MSU entomologist who promotes edible insects featured in New Yorker magazine

A Montana State University entomologist who has spent more than two decades spreading the gospel of edible insects is featured in the Aug. 15 and 22 issue of the New Yorker magazine.

Author Dana Goodyear begins the article, titled “Grub,” by describing how Florence Dunkel prepared dishes for the annual “bug buffet,” held the last Friday of February in MSU’s Plant Growth Center. Goodyear goes on to describe the growing acceptance across the world of insects as food – even gourmet food — and their particular value in Third World countries.

The New Yorker article also features other players in the edible insect movement. Among them is Gene DeFoliart, one of Dunkels’ professors when she was a student at the University of Wisconsin. Another comes from The Netherlands, which Dunkel says is rapidly passing the United States in the study and development of insects for food.

In Washington, D.C. this week to discuss the issue of Western cultures and their response to hunger and poverty, Dunkel said by telephone that the New Yorker article is another milestone in terms of public interest in her research and teaching program.

“It’s exciting that this whole idea is becoming interesting in the United States,” she said.

Dunkel said the New Yorker writer contacted her about a year ago for the article. The two talked by telephone and e-mail for several months, then Goodyear attended an international symposium in San Diego and an insect festival in Los Angeles. Goodyear finally came to Bozeman the day before the latest bug buffet to help Dunkel prepare some of the dishes she would serve her students and curious visitors.

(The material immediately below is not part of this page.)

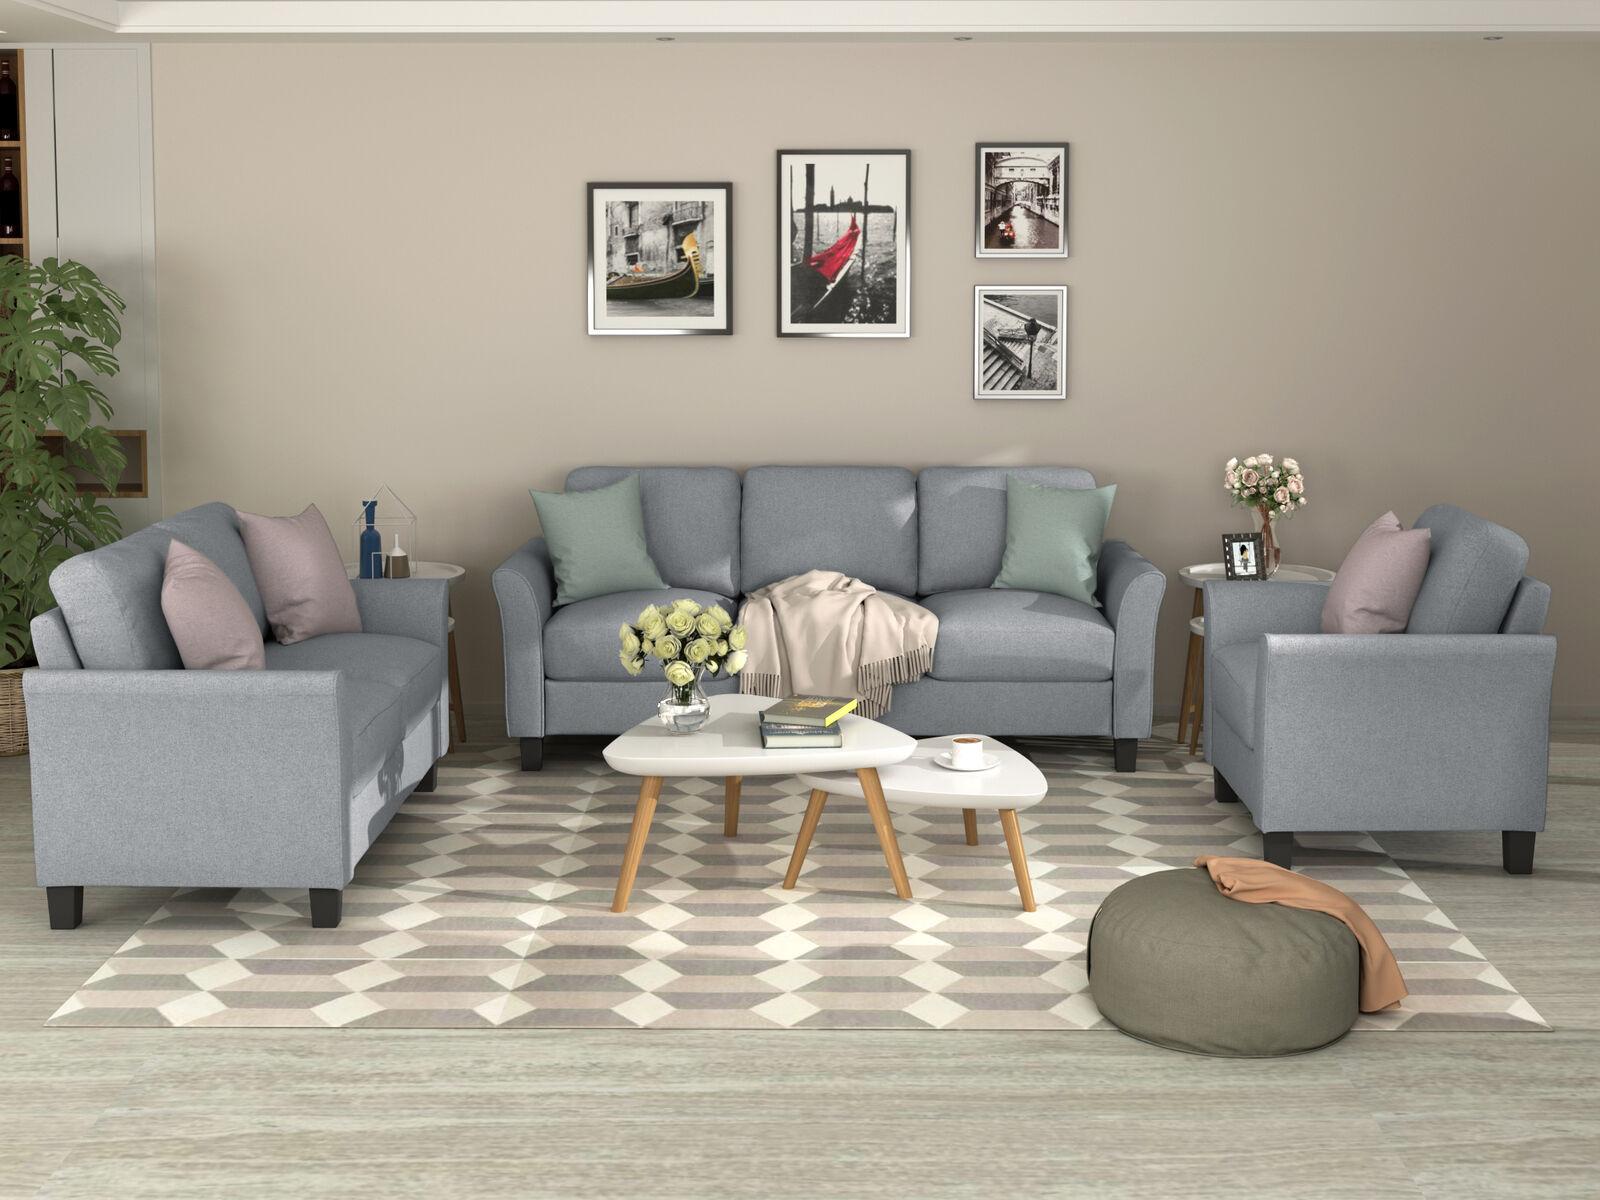 Sofa Set 3 2 1 Fabric Couch Design

Included in the buffet were cricket tacos, stir fry grasshoppers, waxmoth larvae fritters and chocolate “chirp” cookies containing crickets. Goodyear describes the experience in the New Yorker article.

MSU student Brock Spain studies his plate of cricket stir fry during the annual “bug buffet” held every February at Montana State University. (MSU photo by Kelly Gorham).

Dunkel has been an entomologist for 45 years, but said she didn’t start eating insects or promoting their food value until much later. She was in Rwanda in 1985 when she noticed children collecting grasshoppers and selling them for food. After buying a bag for herself, she carried the grasshoppers back to her hotel and asked the French chef there to prepare them for her.

“It was then I discovered fresh grasshoppers were really good,” she said. “They taste like soft-shelled crab.”

Returning to the United States, Dunkel said she discovered a natural, abundant supply of grasshoppers at MSU’s Agriculture Research Centers. In the late 1970s, she started serving canned grasshoppers to her students in a freshwater ecology course. After tasting them prepared fresh in Rwanda, she then served them every year since in her “Insects and Human Societies” course. Dunkel is now editor of the “Food Insects Newsletter,” an international newsletter in its 23rd year.  While in Washington, D.C. this week, she met with officials in the Peace Corps and U.S. Department of Agriculture to discuss insects as they relate to hunger and poverty.

“Response to edible insects is often a good indicator of one’s level of intercultural competency,” she said.

She added that the USDA and U.S. Agency for International Development (USAID), Association of Public and Land-Grant Universities, and the Board for International Food and Agricultural Development are now in a one-year discussion phase called “Feed the Future.” Dunkel expects that edible insects will play a serious role in the action they take.

Americans, in general, don’t realize the value of insects in other cultures and they are repulsed by eating them, Dunkel has said in the past. But insects provide nutrition that can be valuable during drought. Termites, alone, provide protein and minerals to weaning children.

According to the New Yorker article, insects are about four times as efficient at converting feed to meat as are cattle. Ounce for ounce, many have the same amount of protein as beef. They are rich in nutrients like iron and zinc.